DATA BLOCK
┄┄┄┄┄┄

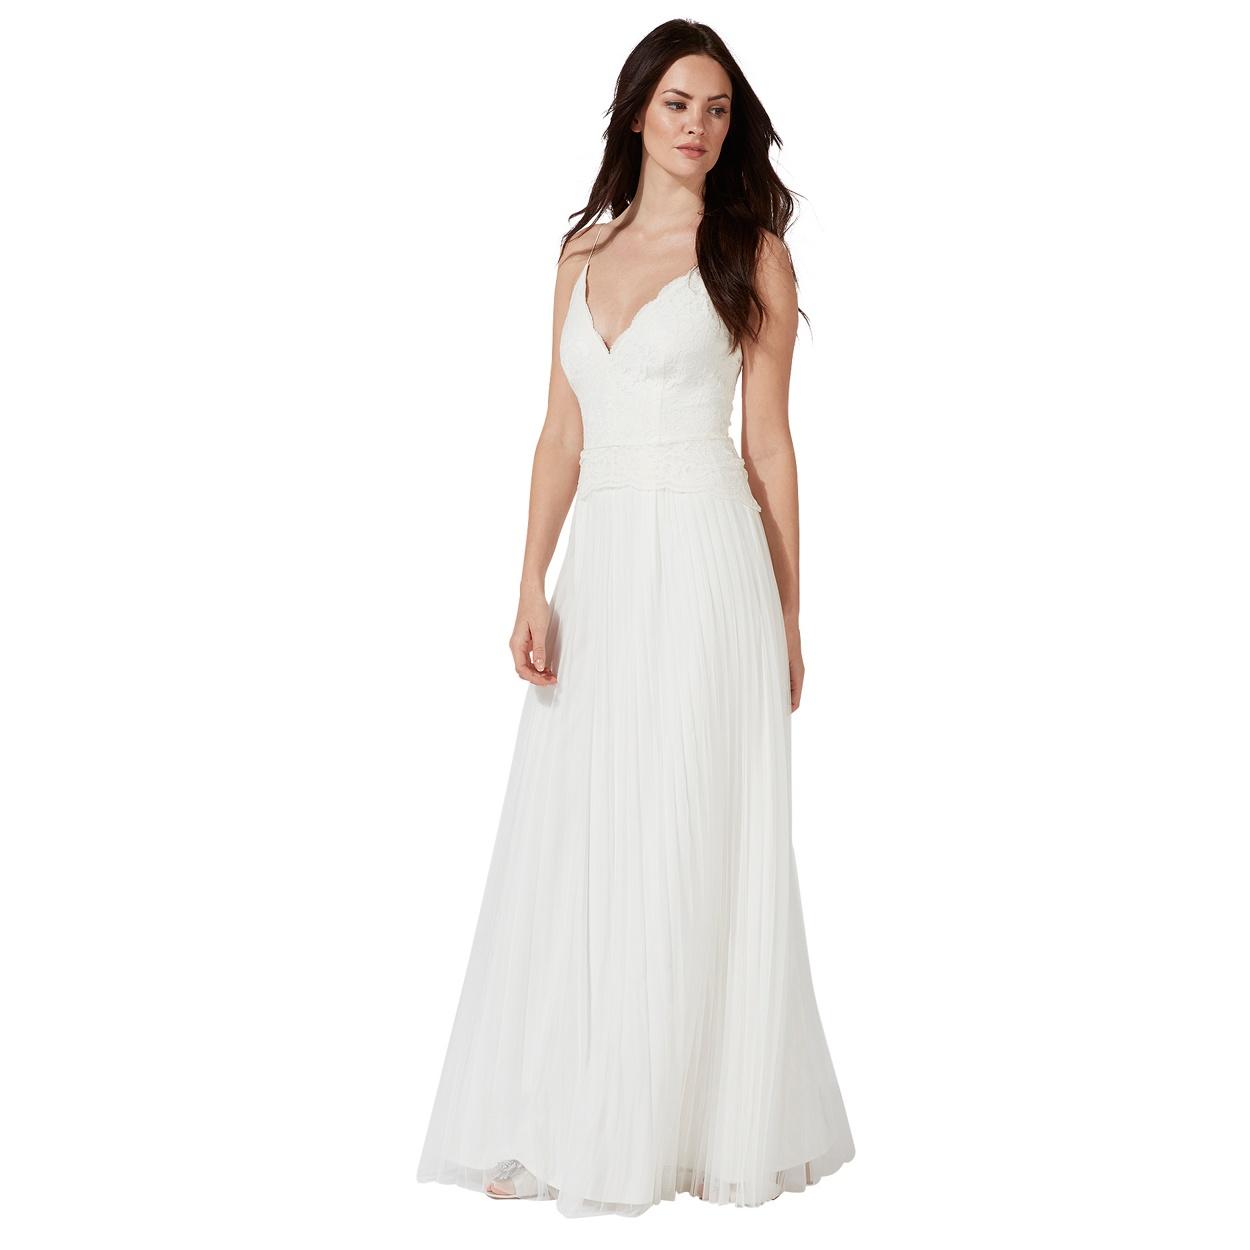 wedding dresses borrow wedding dress Debut Ivory Alicia v neck wedding dress
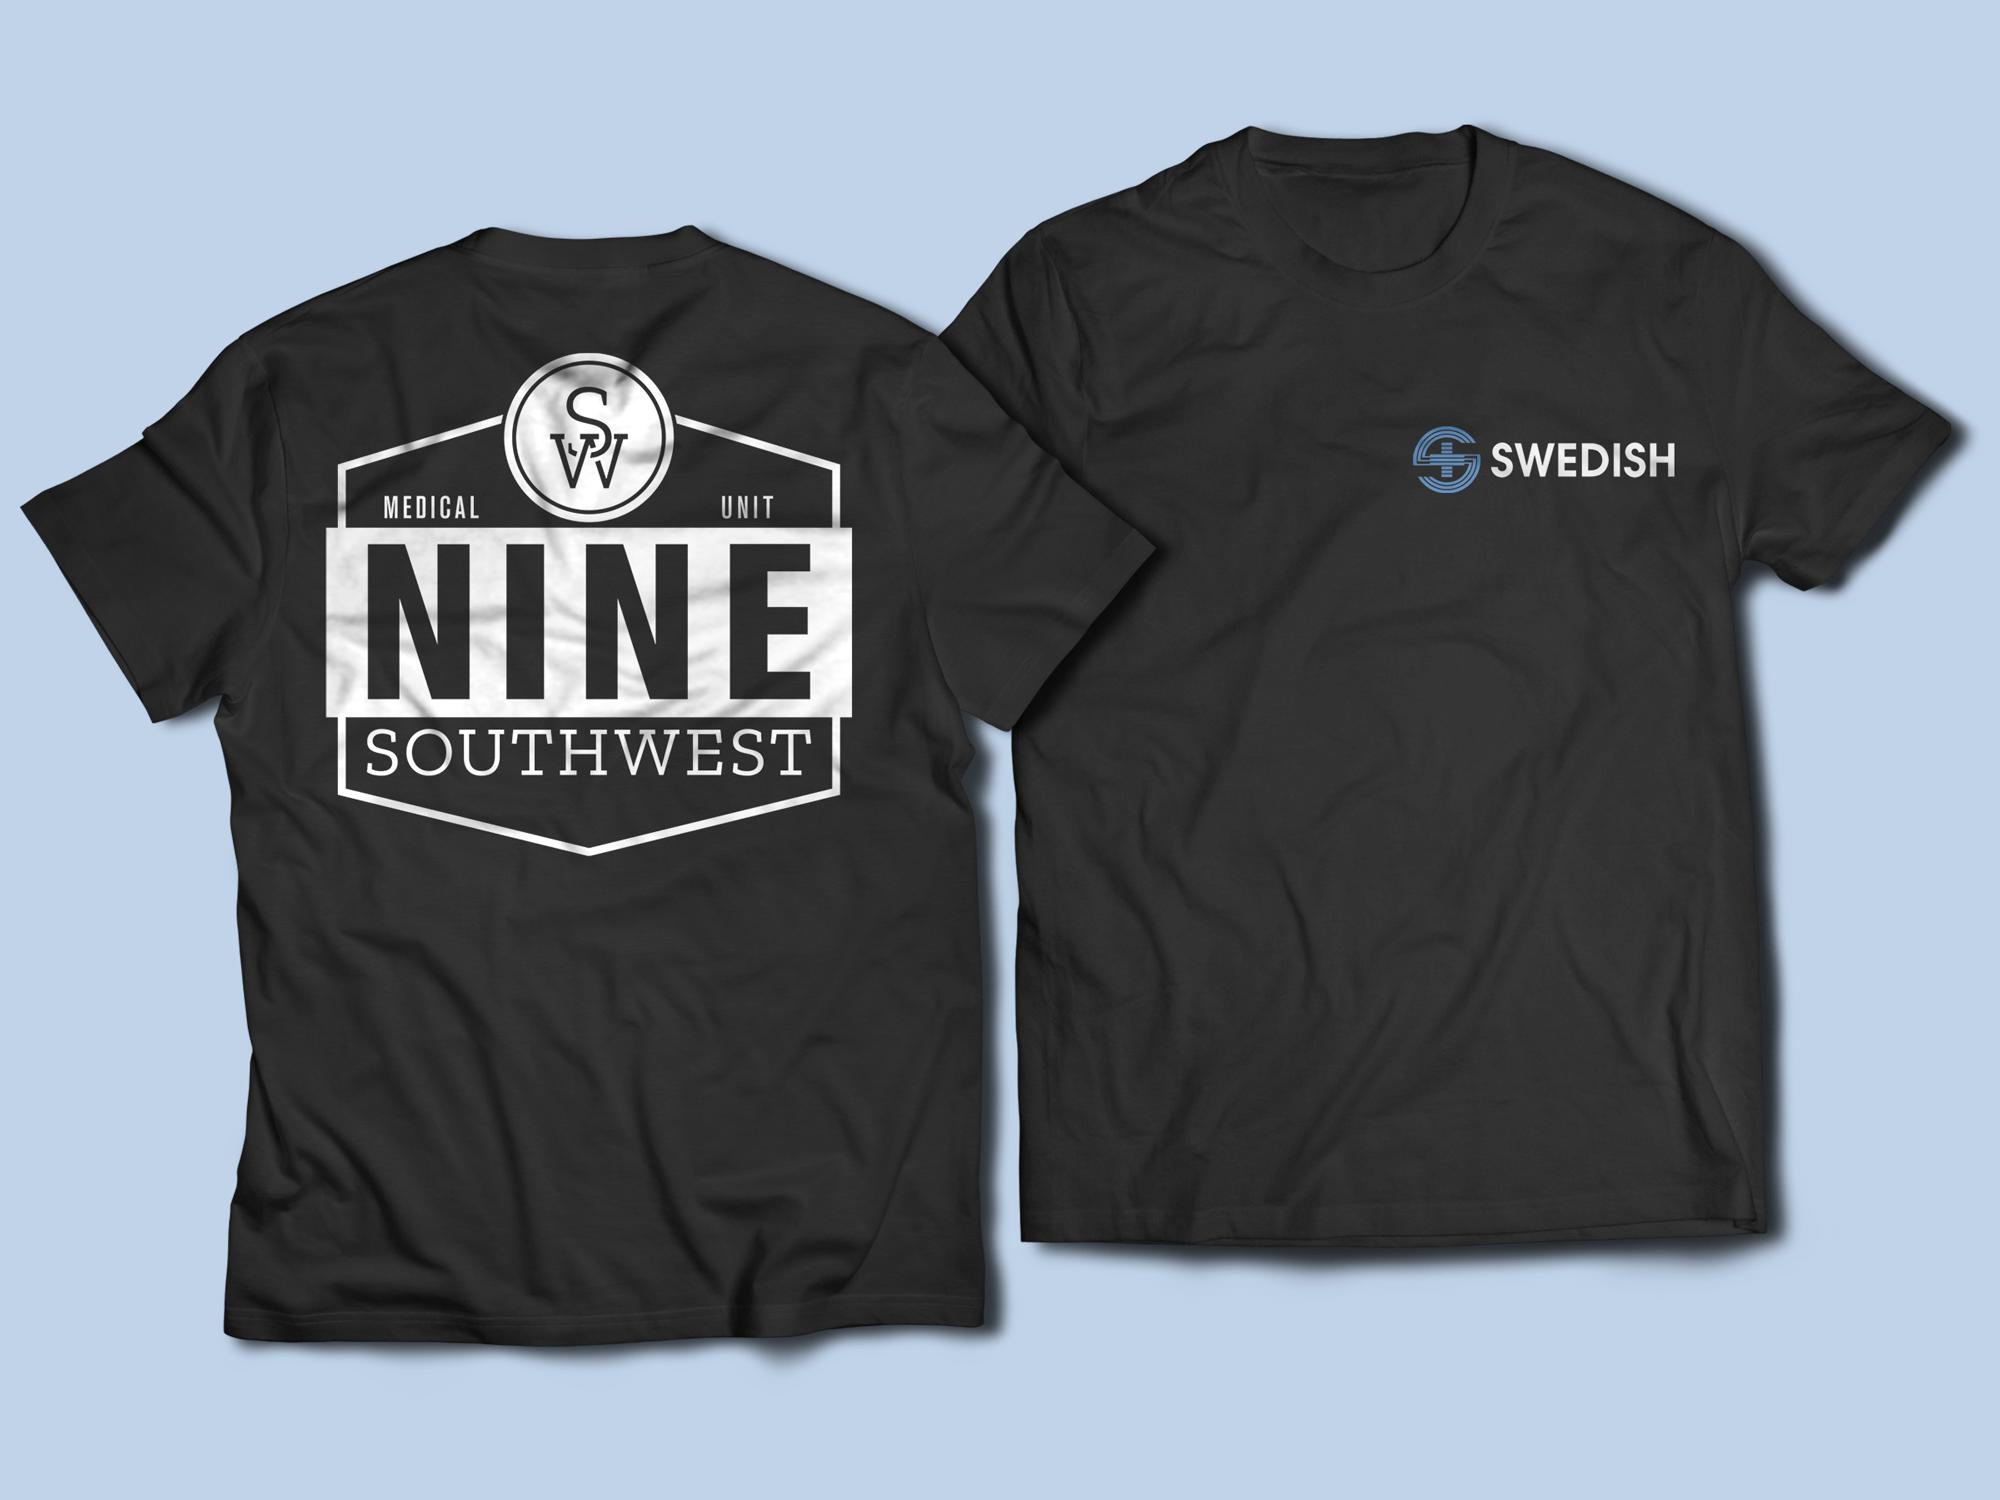 9-southewst-shirt-mock
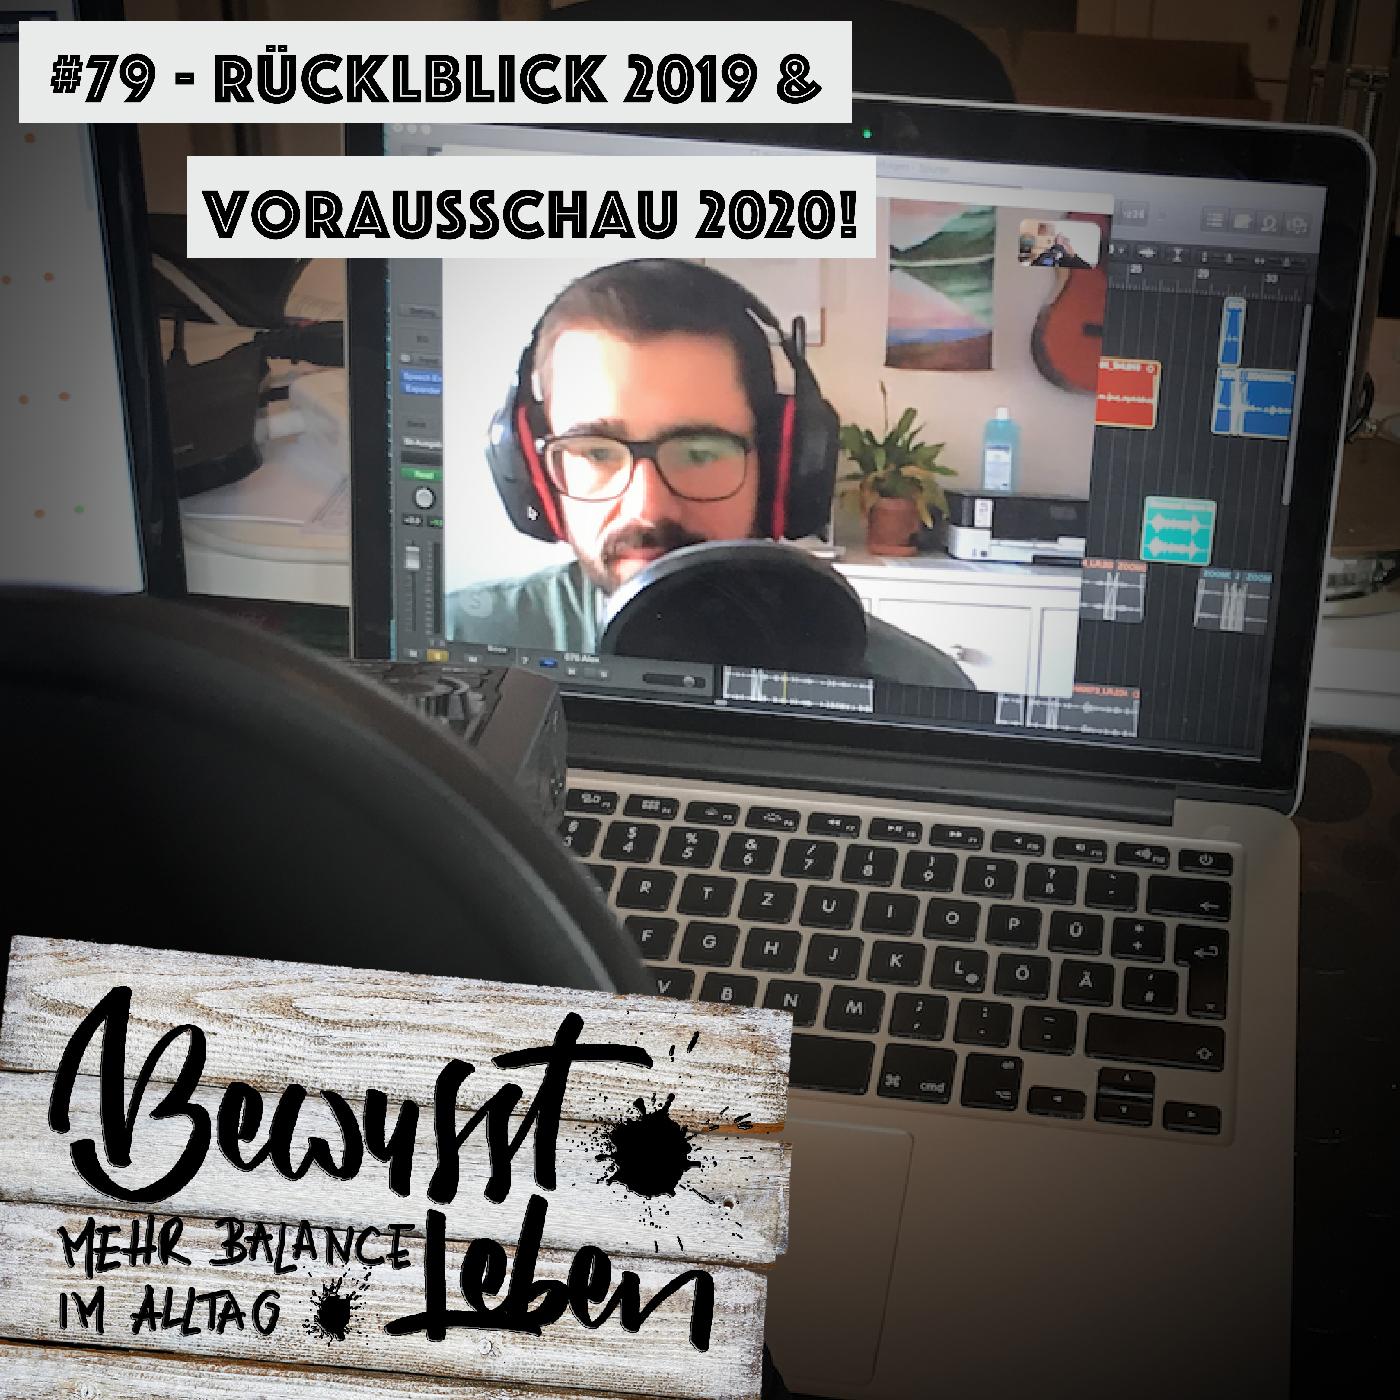 Rückblick 2019 & Vorausschau 2020
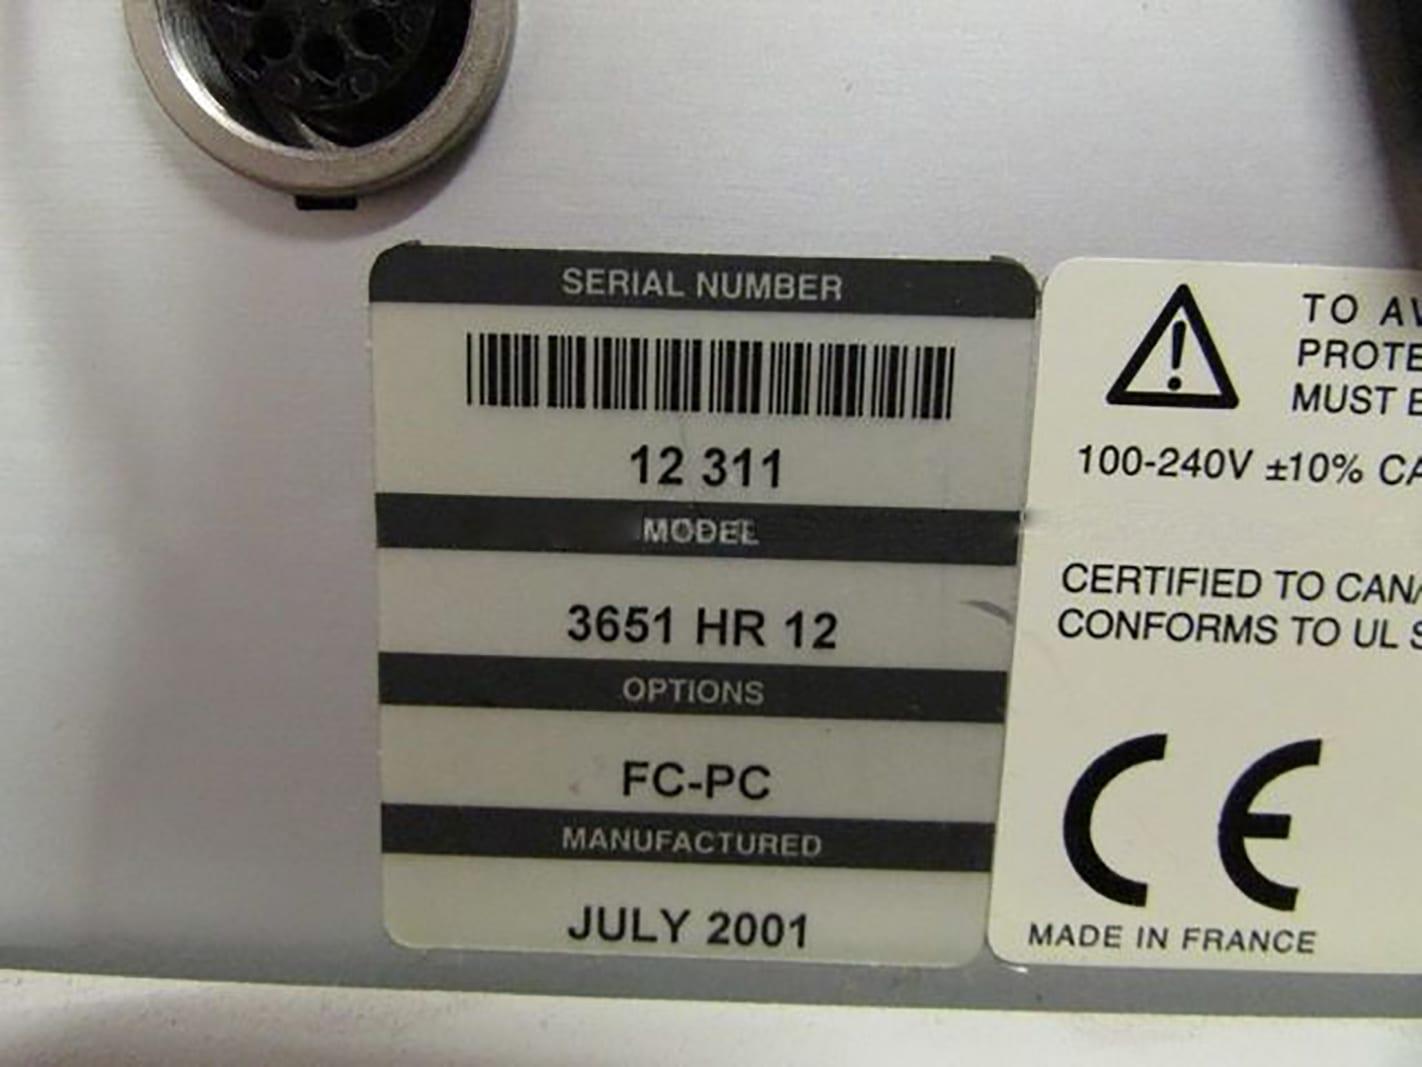 View Photonetics Walics 3651 HR 12 Optical Spectrum Analyzer

┄┄┄┄┄┄

HOW TO COMPLETE THIS TASK
Exact reproduction is required for the lines from the one containing "Rückblick 2019 & Vorausschau 2020" through the end of the material, and for those lines only, without pictures.

REPLY
 Rückblick 2019 & Vorausschau 2020
 View Photonetics Walics 3651 HR 12 Optical Spectrum Analyzer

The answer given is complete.